_PROVIDED DATA_
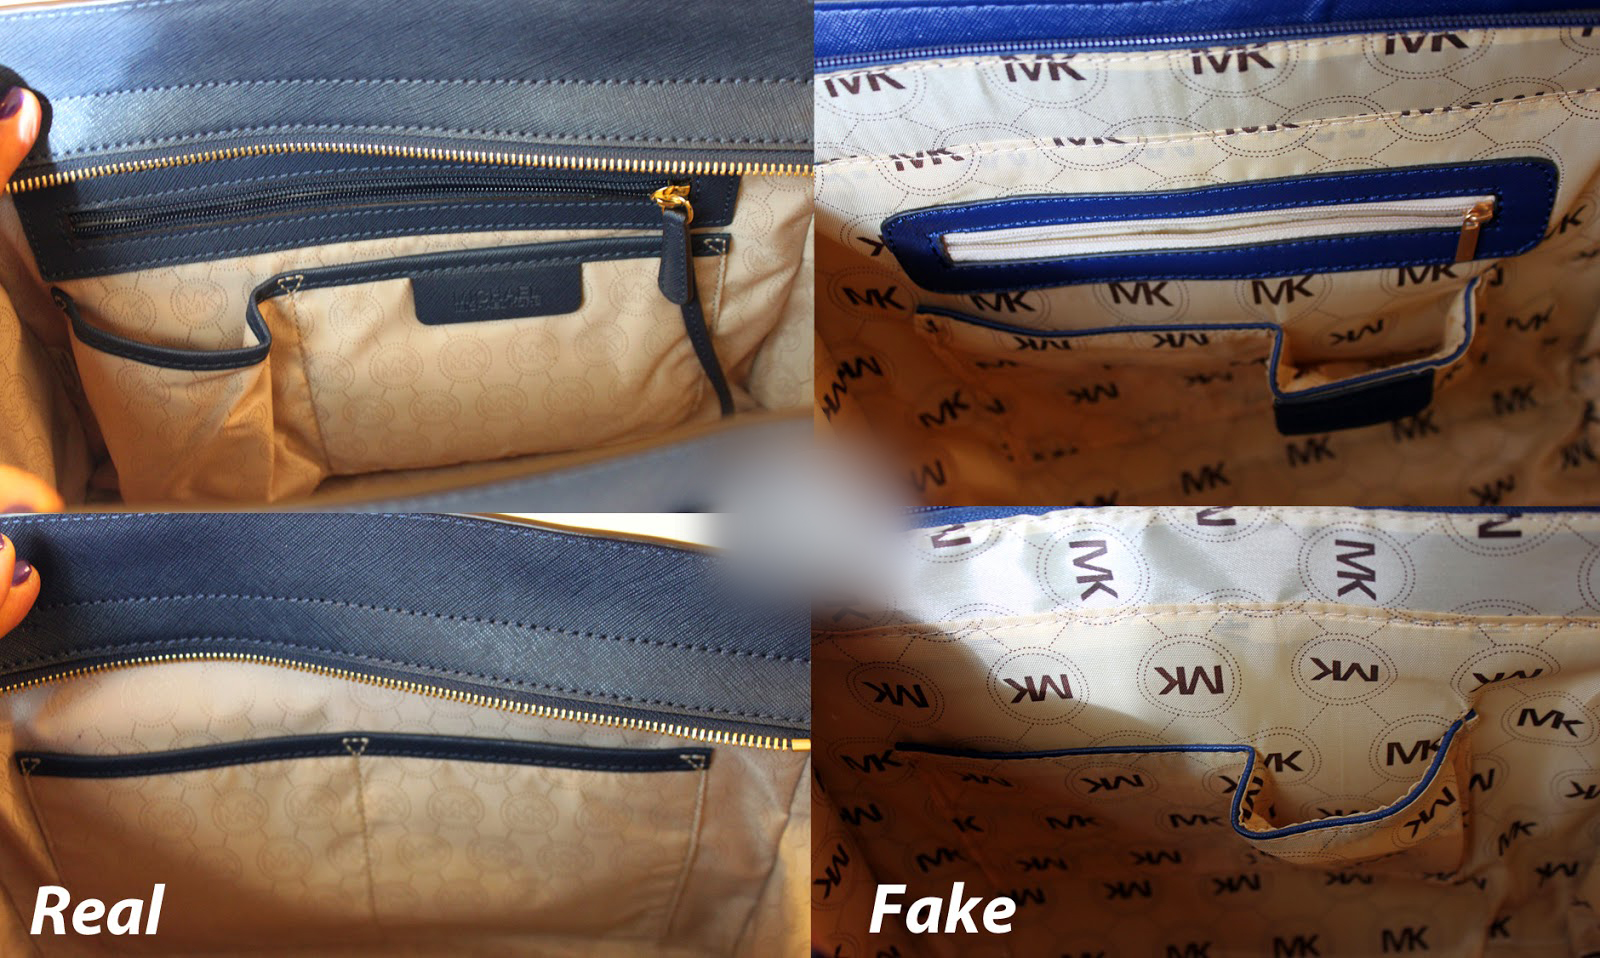 Kiểm tra lớp lót và logo bên trong túi 
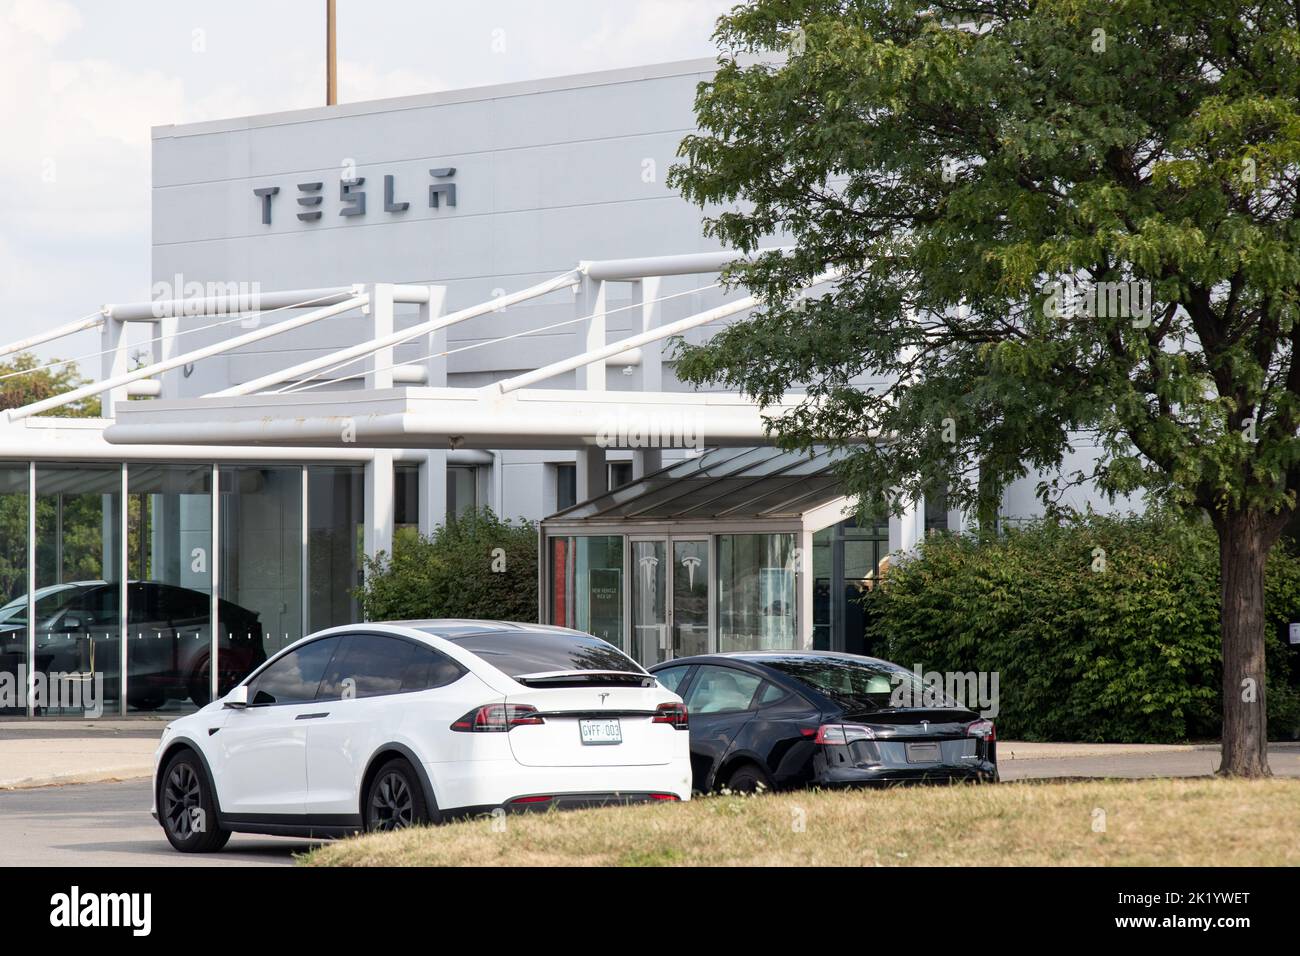 L'avant d'un concessionnaire Tesla est vu pendant la journée avec un modèle X blanc et un modèle 3 noir à l'avant, tandis qu'un véhicule de démonstration peut être vu dans le bâtiment. Banque D'Images
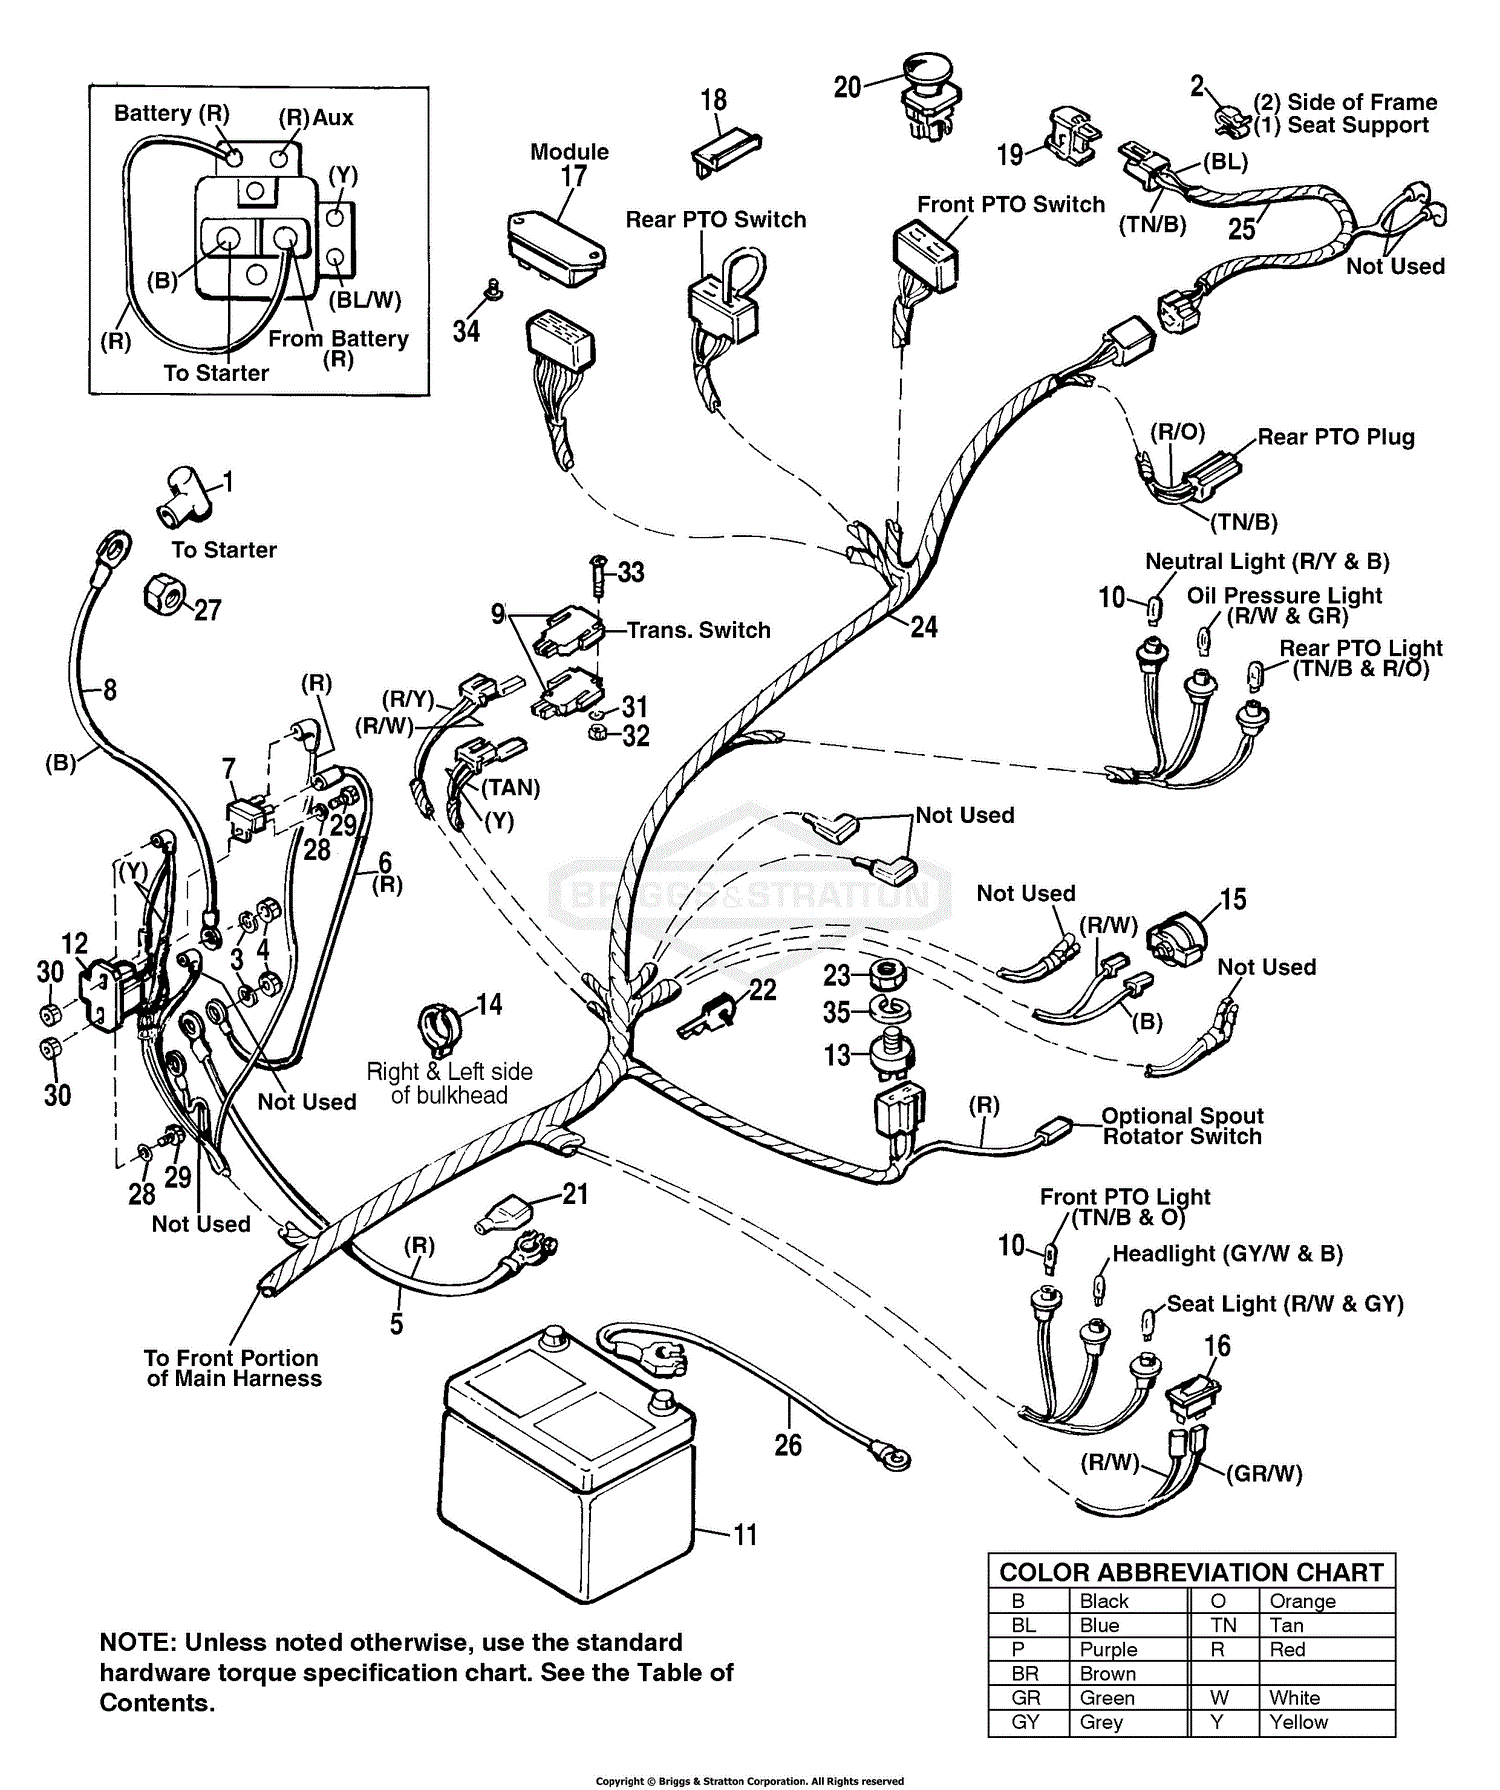 Lift Control Panel Wiring Diagram Pdf : I have a 1992 JLG scissor lift

_YOUR TASK_
Restate all of the material above word for word. Pictures do not belong in it.

_RESULT_
 Kiểm tra lớp lót và logo bên trong túi 
 L'avant d'un concessionnaire Tesla est vu pendant la journée avec un modèle X blanc et un modèle 3 noir à l'avant, tandis qu'un véhicule de démonstration peut être vu dans le bâtiment. Banque D'Images
 Lift Control Panel Wiring Diagram Pdf : I have a 1992 JLG scissor lift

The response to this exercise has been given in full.